Dari uraian yang telah saya ketik sampai sepanjang ini, ada satu benang merah yang bisa ditarik tentang diskriminasi. Baik dari contoh serius dan kompleks maupun dari contoh sederhana seperti diatas, semuanya mempunyai kesamaan. Yakni membeda-bedakan sesuatu atas sebuah dasar latar belakang. Latar belakang disini bisa dalam berbagai bentuk. Bisa agama, ras, warna kulit, status sosial/ekonomi, profesi, penampilan fisik, dsb. Jadi, kecenderungan membeda-bedakan inilah yang sesungguhnya menjadi bibit-bibit terjadinya diskriminasi. Mungkin, terlalu kecil ketika menyebut seorang pedagang yang melakukan pelayanan berbeda kepada pembelinya, guru yang memberikan perlakuan spesial kepada muri-murid kesayangannya atau kita-kita yang (mungkin) masih suka memperlakukan berbeda orang-orang berdasarkan penampilan fisiknya, sebagai bentuk diskriminasi. Ya, mungkin hal-hal seperti itu terlalu kecil untuk disebut sebuah diskriminasi. Tapi bukankah setiap hal yang besar selalu berawal dari hal yang kecil?
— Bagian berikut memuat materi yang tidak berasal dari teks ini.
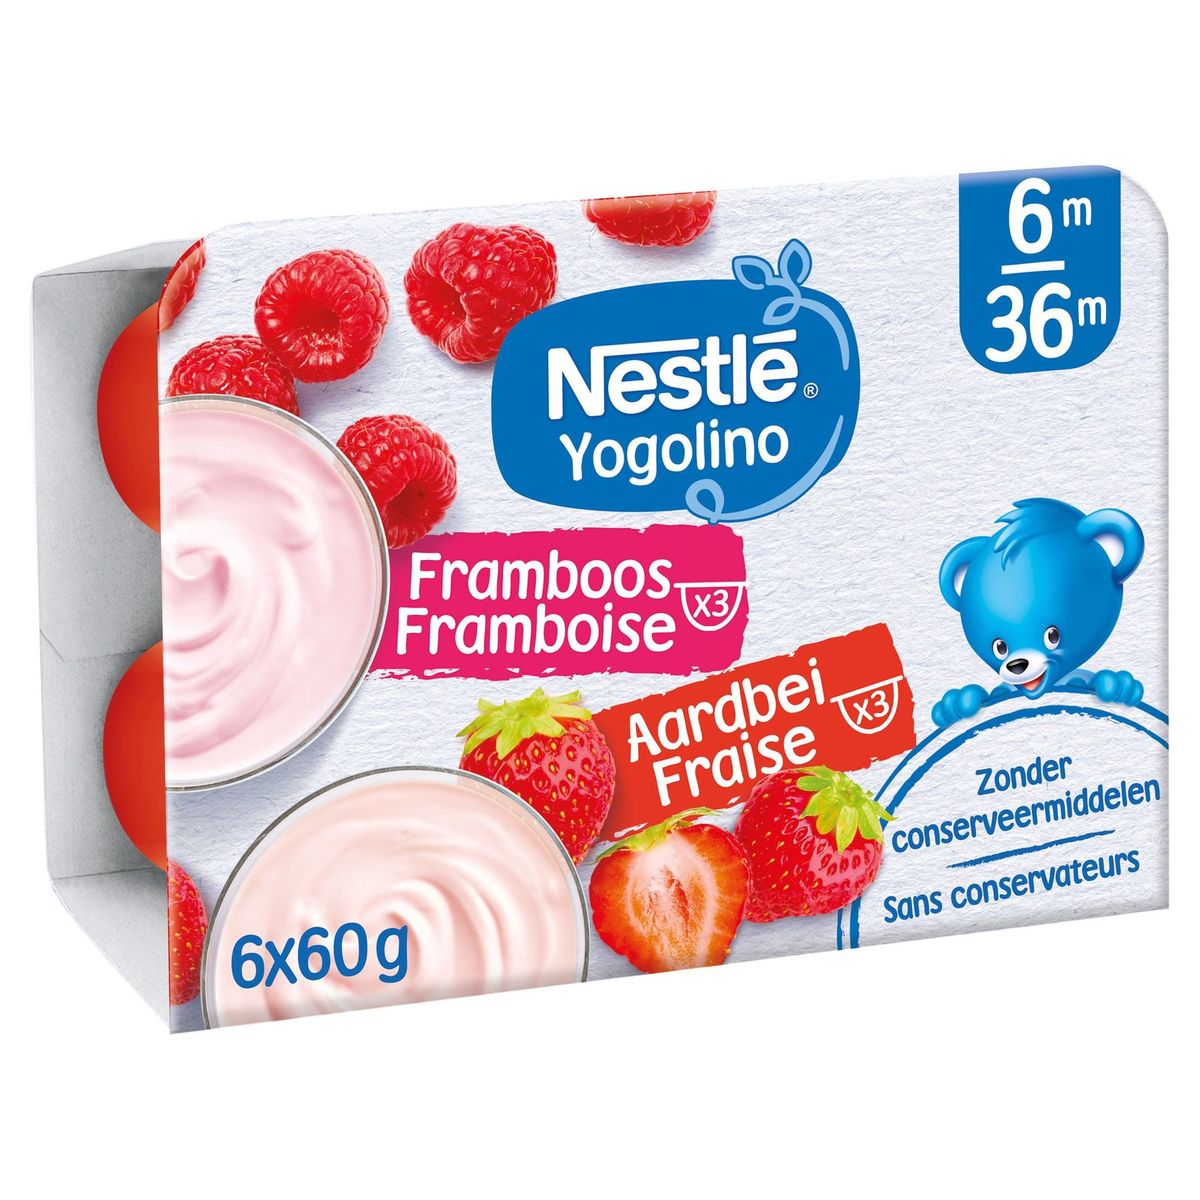 Nestlé Yogolino Laitage Framboise Fraise dès 6 mois 6x60g

Dengan kata lain, diskriminasi ini akan selalu terjadi. Akan selalu ada. Baik dalam lingkup yang kecil ataupun besar. Skala yang kecil maupun besar. Baik antar pribadi maupun kelompok. Karena manusia memang punya kecenderungan untuk membeda-bedakan manusia yang lainnya. Sebuah sifat alamiah yang cukup sulit untuk dihilangkan. Maka, selama manusia (yaitu kita) masih selalu membedak-bedakan manusia yang lainnya, baik dari segi ras, agama, budaya, jenis kelamin, profesi, latar belakang, status sosial, dan berbagai alasan latar belakang lainnya, maka selama itu pula diskriminasi akan selalu ada mengiringinya.